1 1. A method according to claim 8 wherein determining the presence of one or more pregnancy associated markers in a sample is performed by Matrix assisted laser desorption ionization (MALDI) mass spectrometry.

12. A method according to claim 8 wherein determining the presence of one or more pregnancy associated markers in a sample is performed by (a) contacting the sample with an antibody which specifically binds to a pregnancy associated marker under conditions permitting formation of a complex between the antibody and the molecular pregnancy associated marker; and (b) measuring the amount of complexes formed, thereby determining the amount of the pregnancy associated marker in the sample.

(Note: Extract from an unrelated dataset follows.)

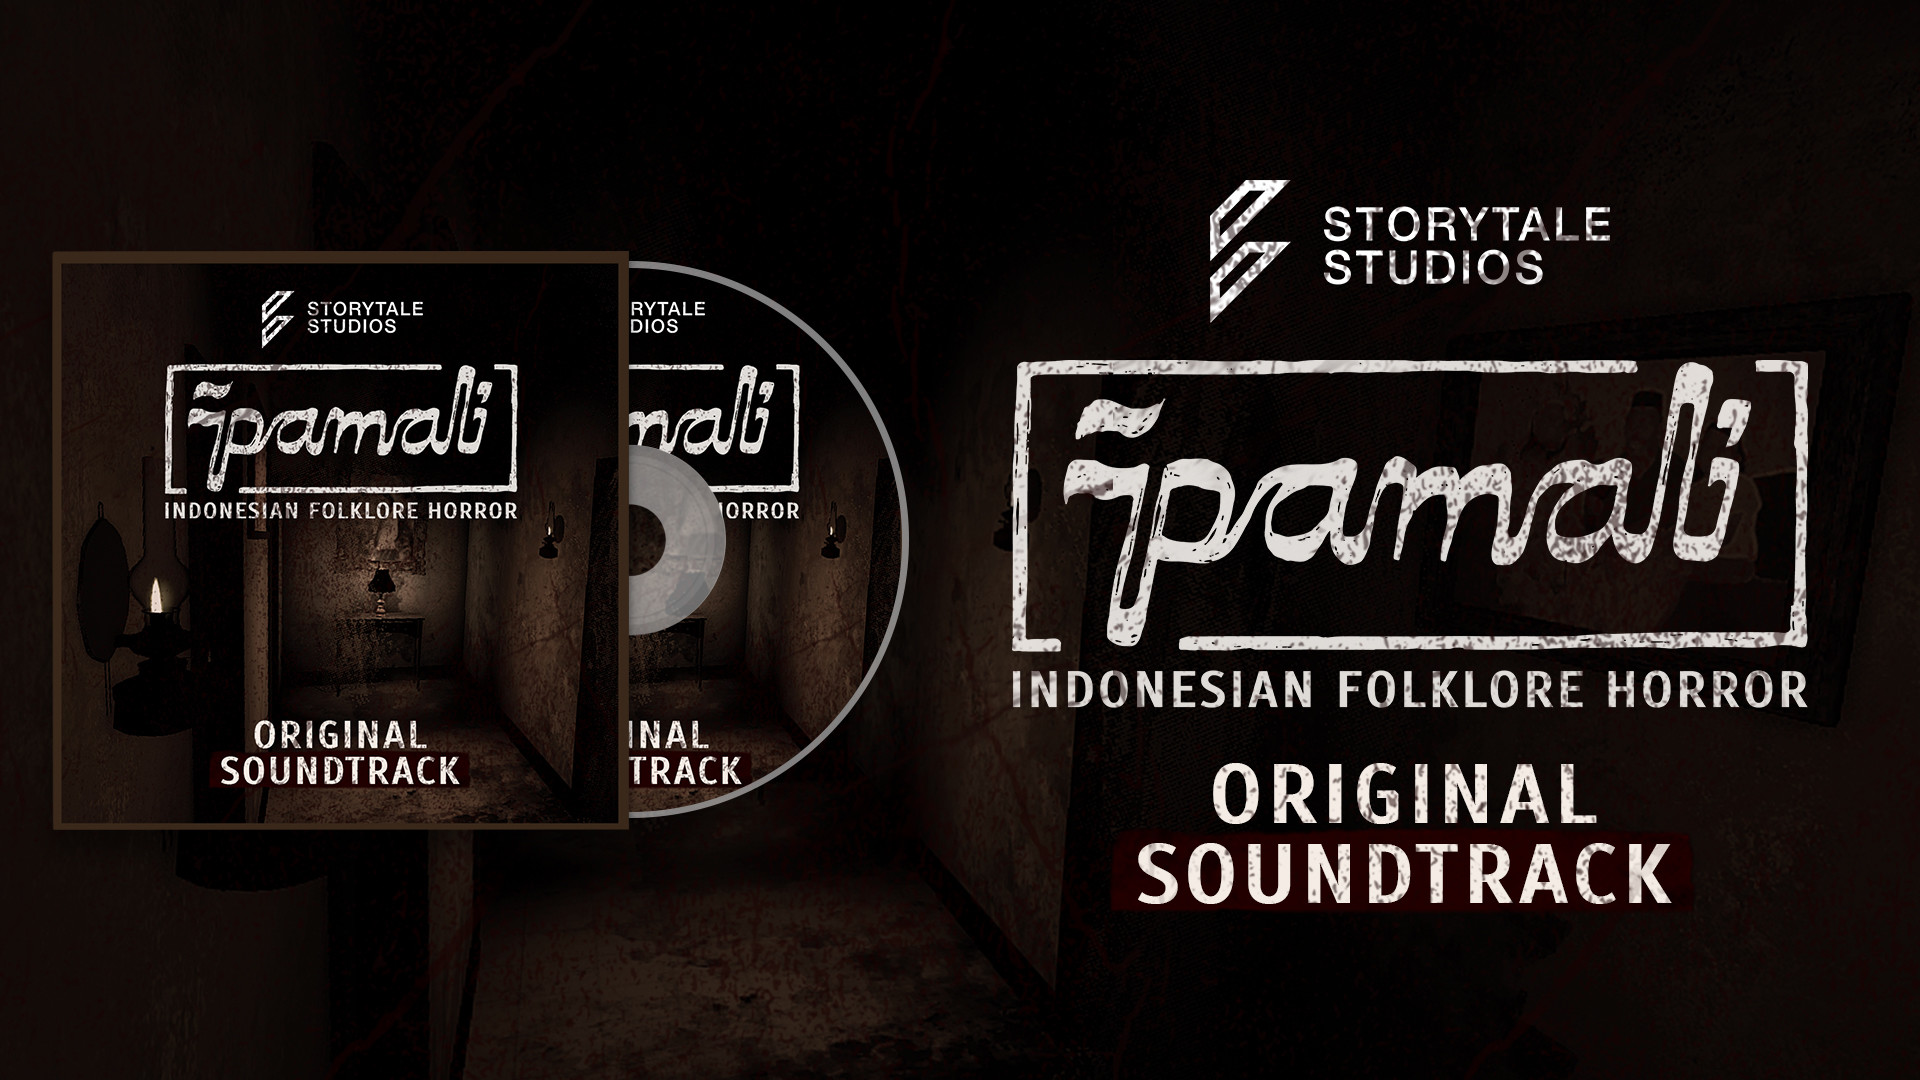 Pamali: Indonesian Folklore Horror - Original Soundtrack Featured Screenshot #1

13. A method according to claim 11 or 12 further comprising comparing the amount of pregnancy associated marker in the sample with either (i) the amount determined for temporally matched, normal pregnant samples or (ii) the amount determined for samples obtained from non-pregnant subject(s), wherein the relative abundance of the pregnancy associated marker in the sample indicates a greater than normal likelihood of a positive pregnancy.

14. A diagnostic kit for predicting viability of an embryo or for determining the likelihood of a positive outcome for a pregnancy comprising a means for detecting the presence or the quantity of a pregnancy associated marker and instructions correlating the presence or the quantity of the pregnancy associated marker with the likelihood that an embryo will become viable or that a pregnancy will result in a positive outcome.